A heavy nod of defeat for the day. Four nights in a row of only two interrupted hours of sleep for each night. Sleep rhythms are currently as irregular and unpredictable as the summer storms that often blow through and miss us recently. I miss the rain. I miss it like I miss sleep. My mind is dry and body feels pulled and clawed and pinched off into one thousand pieces and seemingly go missing for long periods of time as if of very same little fingers ran off and put those bits of my heart and mind in their pockets and forgot about them.
In a way I suppose it’s true. My heart and consciousness are always on my babies. Always on my husband. Mama look at me. Anna look at me. We need you. I need you. Amongst friendships and clients and being a wife and a mama and business owner what is left of me at the end of some days is raw. Raw like the skin under your nails after digging out weeds in the garden box. Worn as thin as the threadbare linen that holds the baby against my skin nearly every day.
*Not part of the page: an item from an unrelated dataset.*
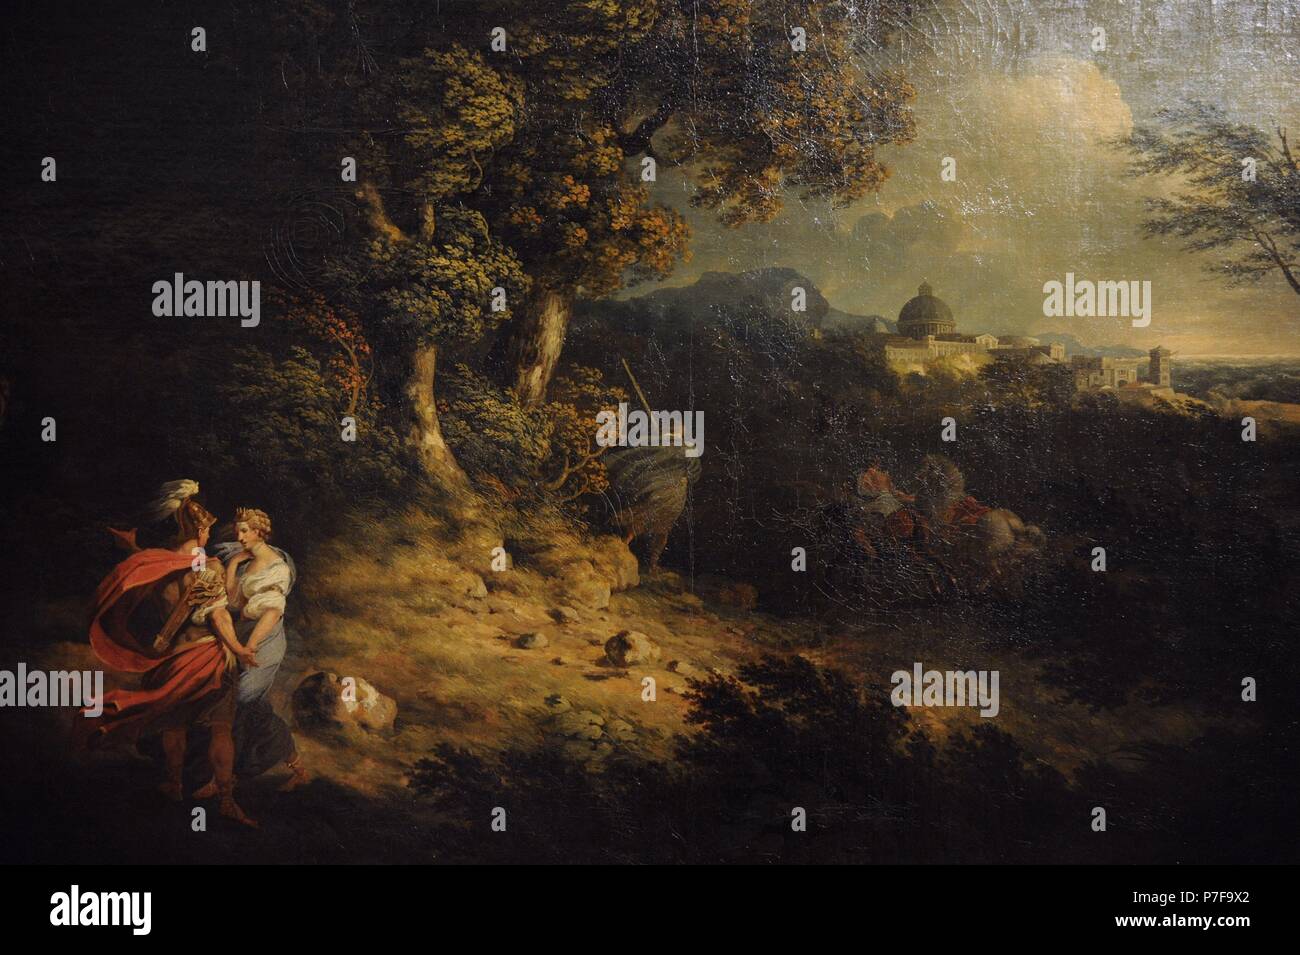 Thomas Jones (1742-1803). Englischer Maler. Landschaft mit Dido und Aeneas (Sturm), 1769. Die Eremitage. Sankt Petersburg. Russland. Stockfoto

Skin that is never not being touched by someone. I know every other mama knows this bittersweet pain. The every day pull in so many directions and having nothing left of yourself for yourself. God damn this world it ever expects me to be perfect. To be on time for a play date. To have a house that doesn’t have a layer of cracker crumbs on the floor mere seconds after the third round of vacuuming for the day. To remember every single friends birthday on time. To even remember to put mascara on the other eye.
As I write this in broken stolen moments I still have one pulling at my shirt again to nurse himself to sleep and another asking for a sixth round of “ten tiny toes” and my love sitting at my feet looking over with a mutual silent “I miss you too” on his face and my heart feels like cracked bone porcelain. This is the scene I set before you. That every mother holds in her breast. We tuck ourselves into everyone else’s pocket until only the barest bit of self is left and in a split second of selfishness know that really those three sets of pockets are the happiest place my self could ever be.